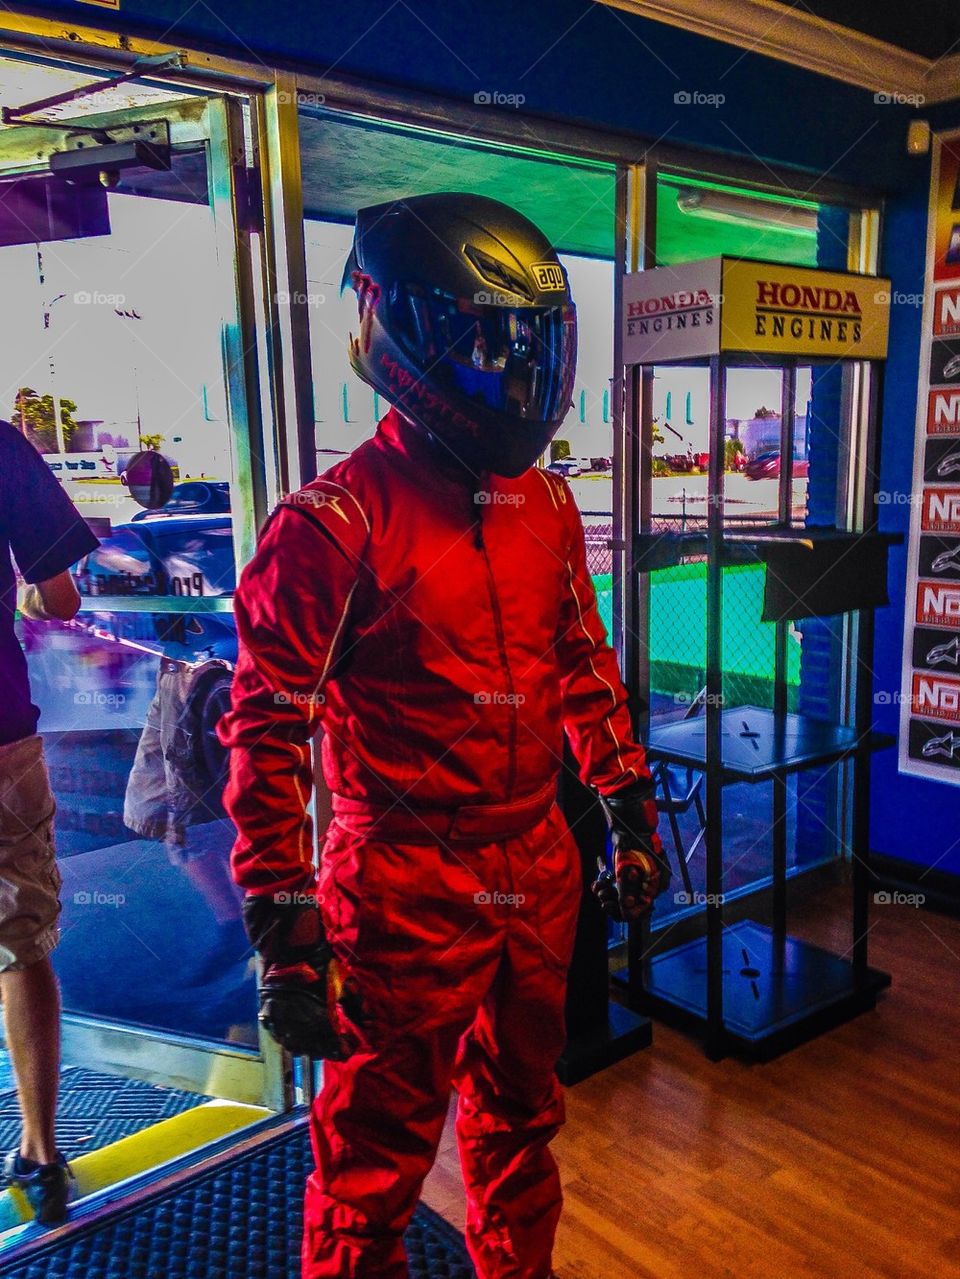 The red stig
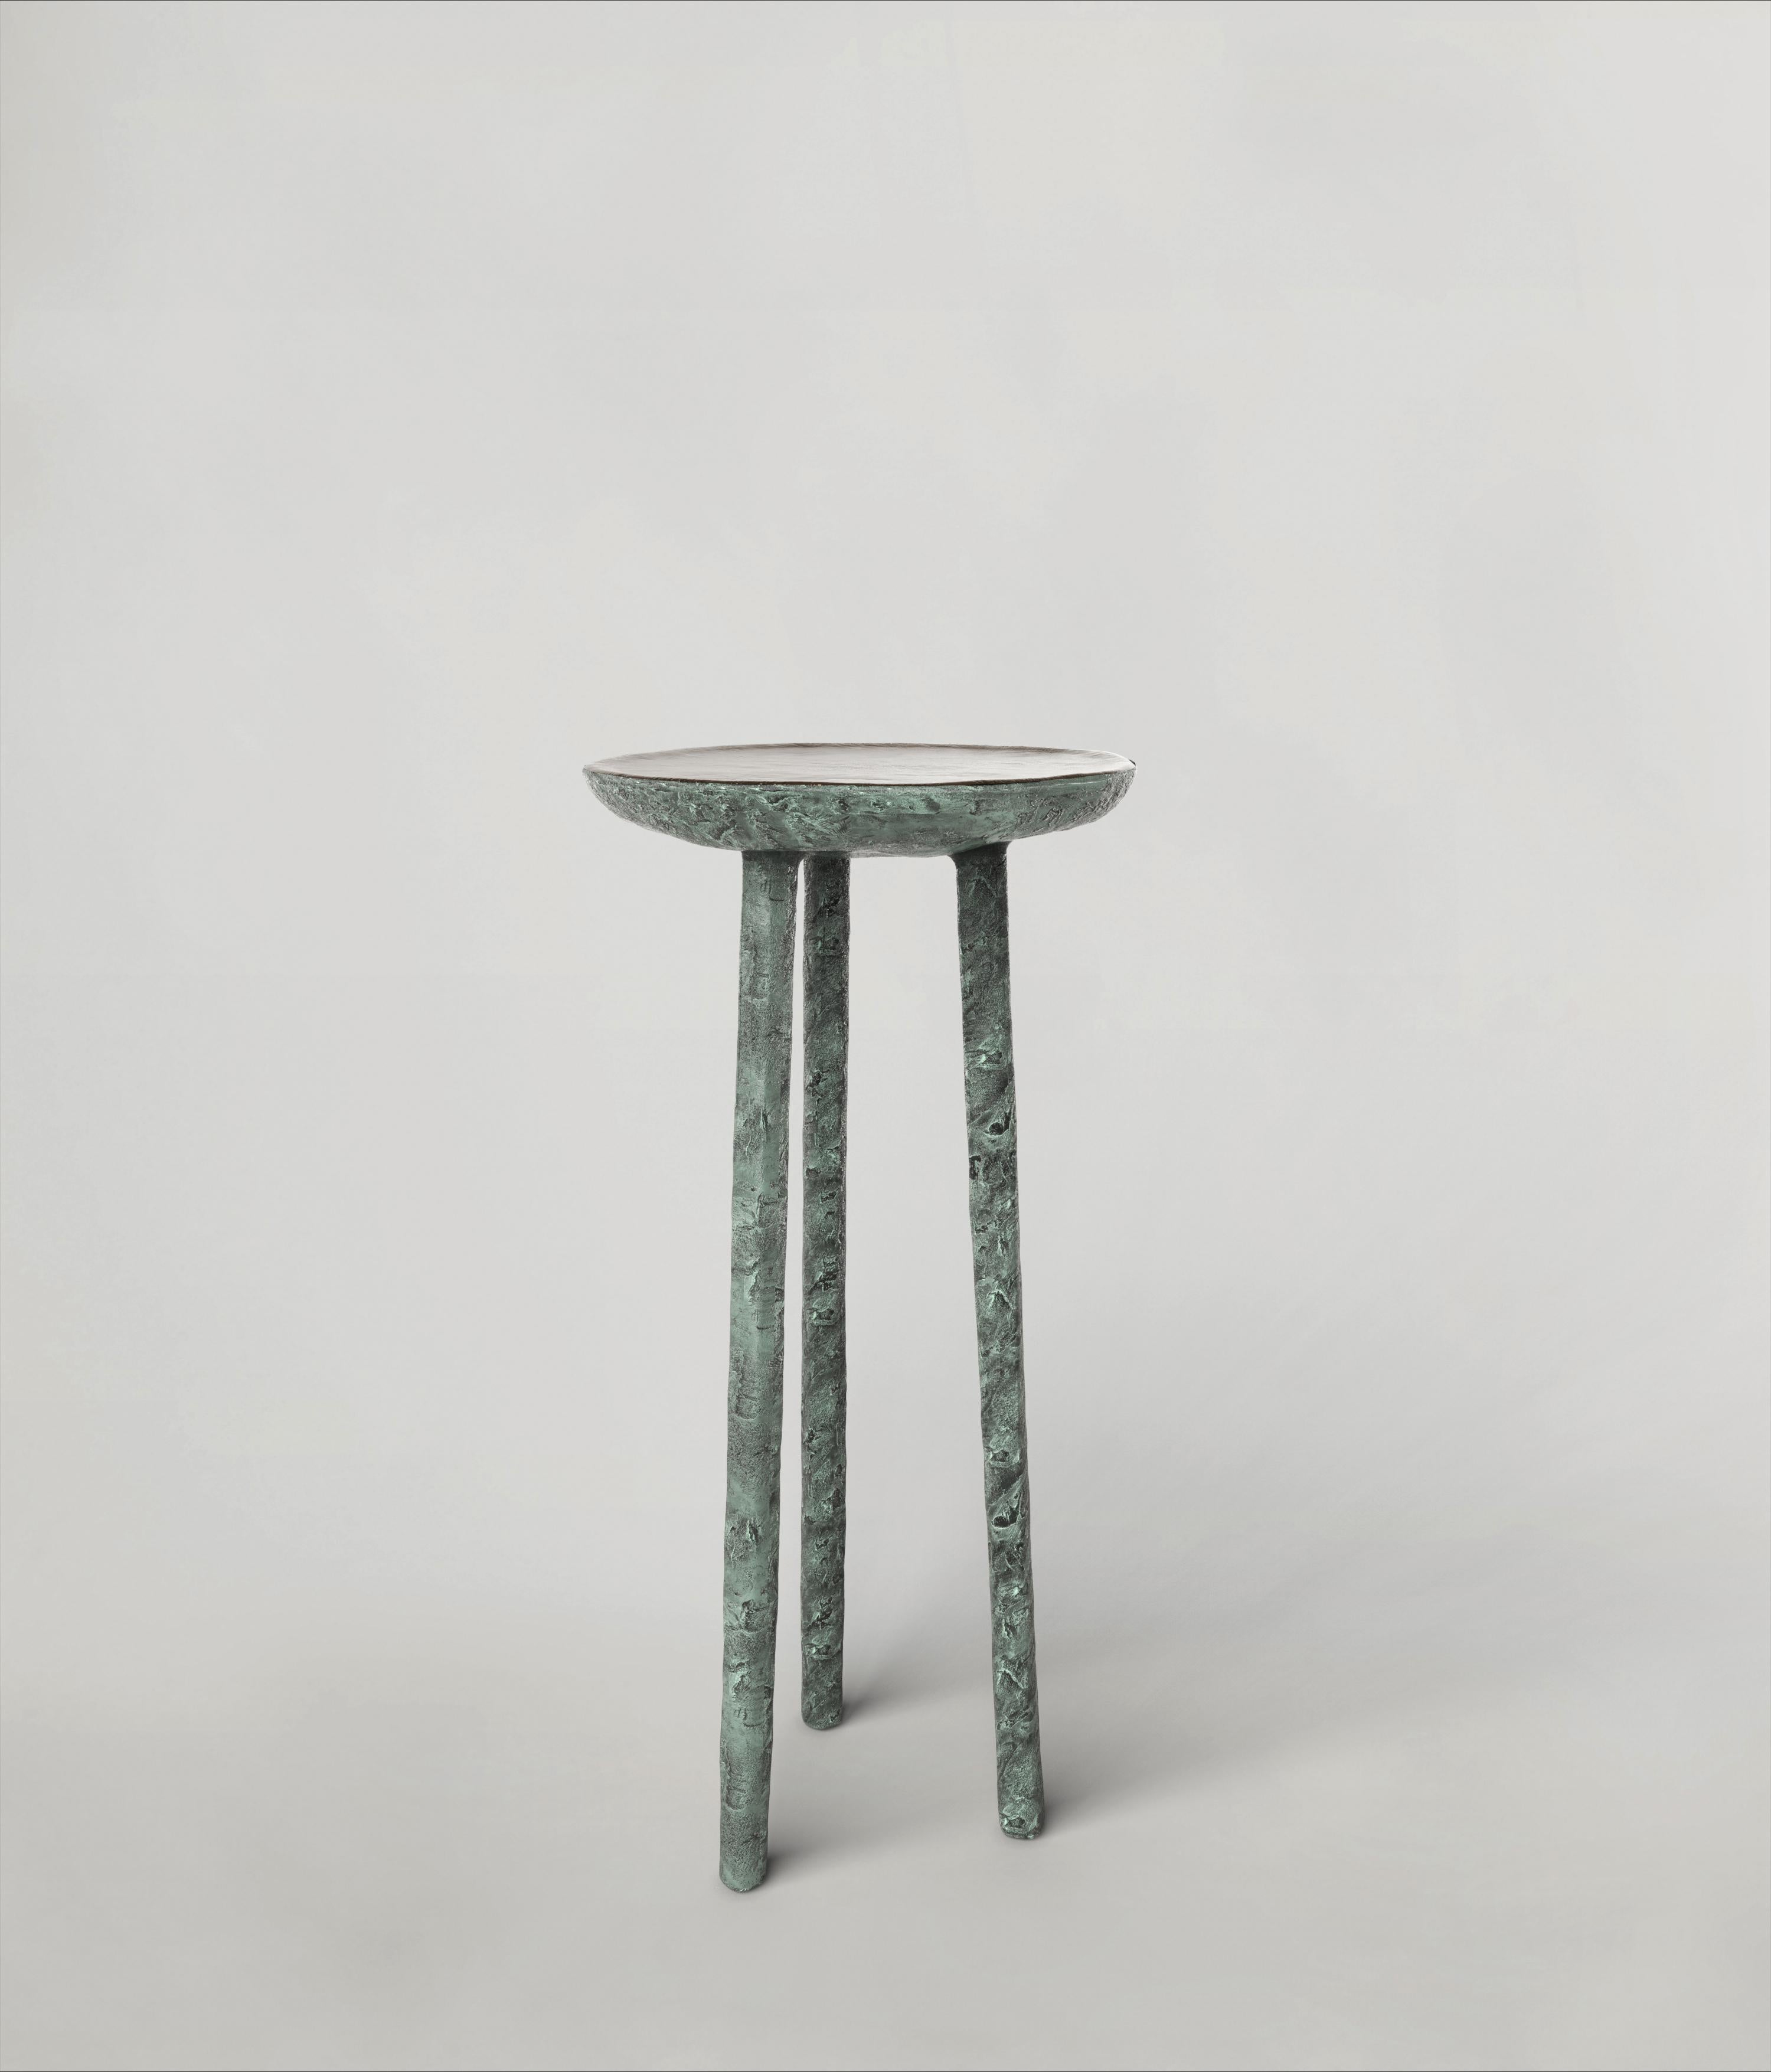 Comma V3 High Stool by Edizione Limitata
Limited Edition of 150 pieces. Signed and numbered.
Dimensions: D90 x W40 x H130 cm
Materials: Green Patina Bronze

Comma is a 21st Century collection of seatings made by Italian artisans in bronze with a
★ ★ ★ ★ ★
▸ Your instructions
Output the full listing verbatim; pictures stay out.

▸ Response area
 The red stig
 Comma V3 High Stool by Edizione Limitata
Limited Edition of 150 pieces. Signed and numbered.
Dimensions: D90 x W40 x H130 cm
Materials: Green Patina Bronze

Comma is a 21st Century collection of seatings made by Italian artisans in bronze with a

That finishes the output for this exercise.